A Non-Prescriptive Approach to Change Management with Structure and Discipline

Sounds like an oxymoron, right? How would you put in structure and discipline into a non-presecriptive approach?

Well, that’s why change management is a science of complexity handling. This is how we do.

How We Do

OD (Organization Development) as a Practice and Application of

Behavioral & Process Coaching x
Management Science

Practically all large organizations have some form of change, transformation, innovation initiative ongoing at any given point, often stagnating with limited impact. Some tranformation programmes are ran programmatically, others take a heavily structured approach starting with organization design, and a few take the “cultural” and “mindset change” approach.

There is no one approach to change, transformation, innovation success. Every situation is different and it’s all about complexity and ambiguity handling – in change, there’s no certainty. However, there is pattern recognition, and at Agile Organization Development our experience and track record show that a balanced and integrated approach that combines all process, structure and behavioral aspects of organizational interventions is key to breakthrough success.

While experience counts and heuristics go a long way, our approach and success that ensues need to be repeatable and replicable at scale, as our work is at the organizational level. We find discipline in our OD work by defining it as mainly a combined practice of behavioral and process coaching and real-world application of management science.

OD (Organization Development) as a Practice and Application of Behavioral & Process Coaching x Management Science

Build, Measure, Learn, repeat

Delivering in Iterations, Less in Stages

As we are ingrained in Waterfall thinking, typical business projects follow a stage gate or phased approach – first achieve this, then next do this, and so on.

We suggest a better approach of delivering in “iterations” – start local, start small, and grow the circle of influence with small wins here and there and eventually everwhere.

In practical terms of how we like to work with client organizations, we like designing our client programmes around the three core activities of workshops, pilot and coaching because it creates a feedback loop of learning.

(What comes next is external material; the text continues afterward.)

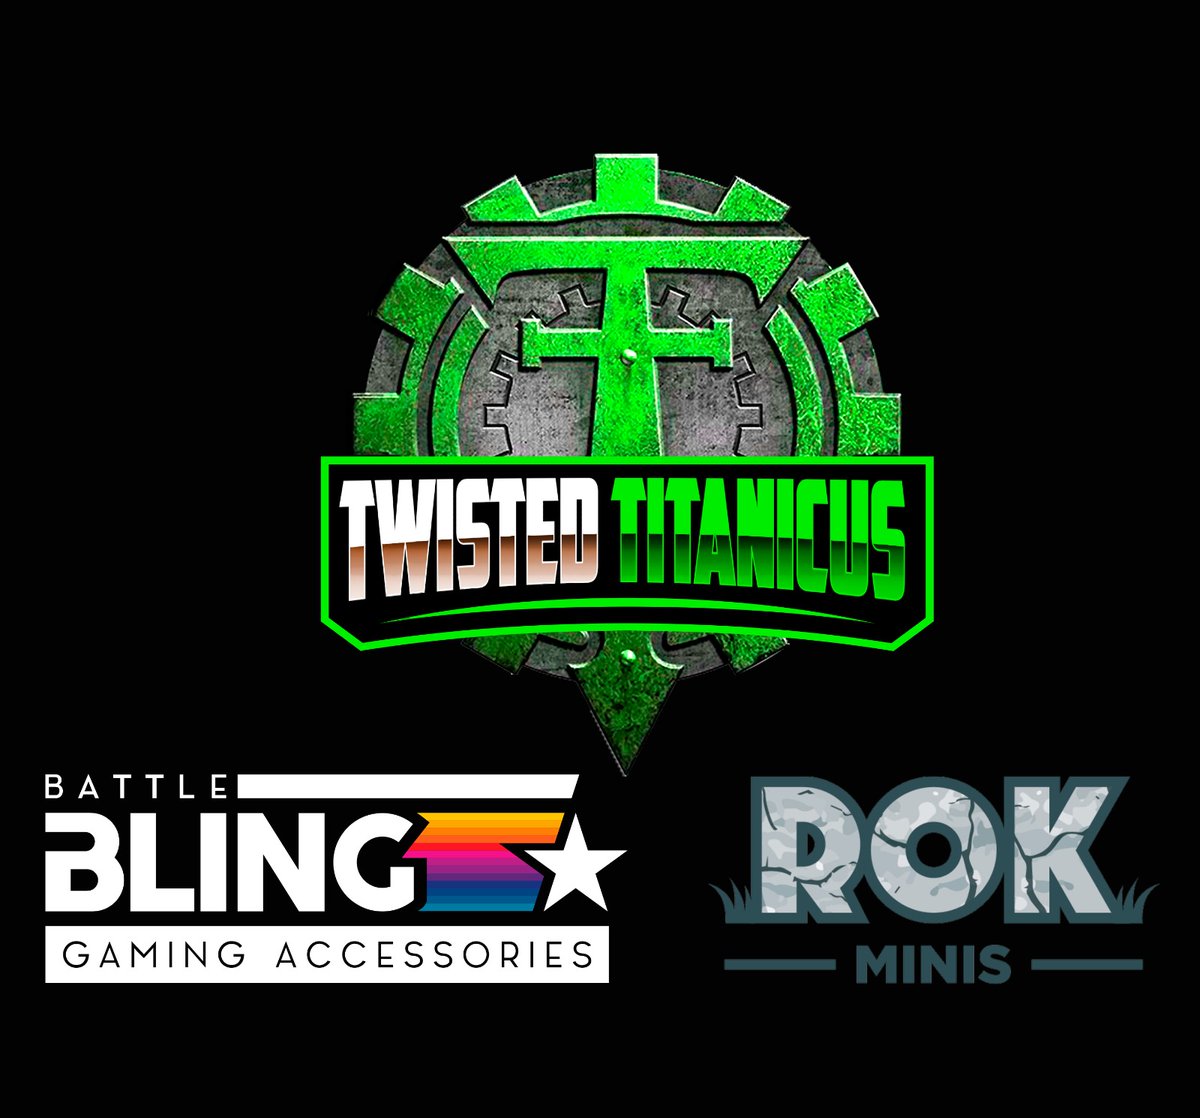 Big news today, we're pleased to announce that @rok_minis & #battlebling are now official sponsors of our #EpicScale events. This means awesome prize & showpiece terrain coming your way very soon!

#AdeptusTitanicus #LegionsImperialis #AeronauticaImperialis #HorusHeresy

  • We use workshops for two purposes. First is for knowledge and skills building, i.e. training. And second, very importantly, for alignment and ownership; i.e. starting from “why”. Agile 101 and Welcome to Design Thinking are popular contents for these workshops. A typical workshop may be one two two days.
  • Next, we strongly insist on not doing a “big bang” style of implementation in change and transformation. Rather, we should test the waters with pilots. Earmark one or two small teams to run a pilot program on a chosen approach, e.g. Agile Scrum. A typical pilot may be around three to six months.
agile-od workshop pilot coaching
  • An integral activity during and after the pilots is coaching. Coaching is our main means of creating the communication feedback loop of understanding what’s working, what’s not working and what’s further needed with the client teams and leaders.

Through the feedback loop of learning among the three activities, we may find out it could be a good time to follow-up with another workshop for alignment or ideation (e.g. strategy session facilitation with Liberating Structures). Other times we may identify certain pockets in the organization that may benefit from some special care with coaching. With this iteration of activities we holistically prepare the organization to scale the change, transformation, innovation endeavor.

Ultimately, we very much look forward to the day of “graduation” – our KSA (knowledge, skill and ability) transfer to the client organization is complete and we are blissfully no longer needed for support.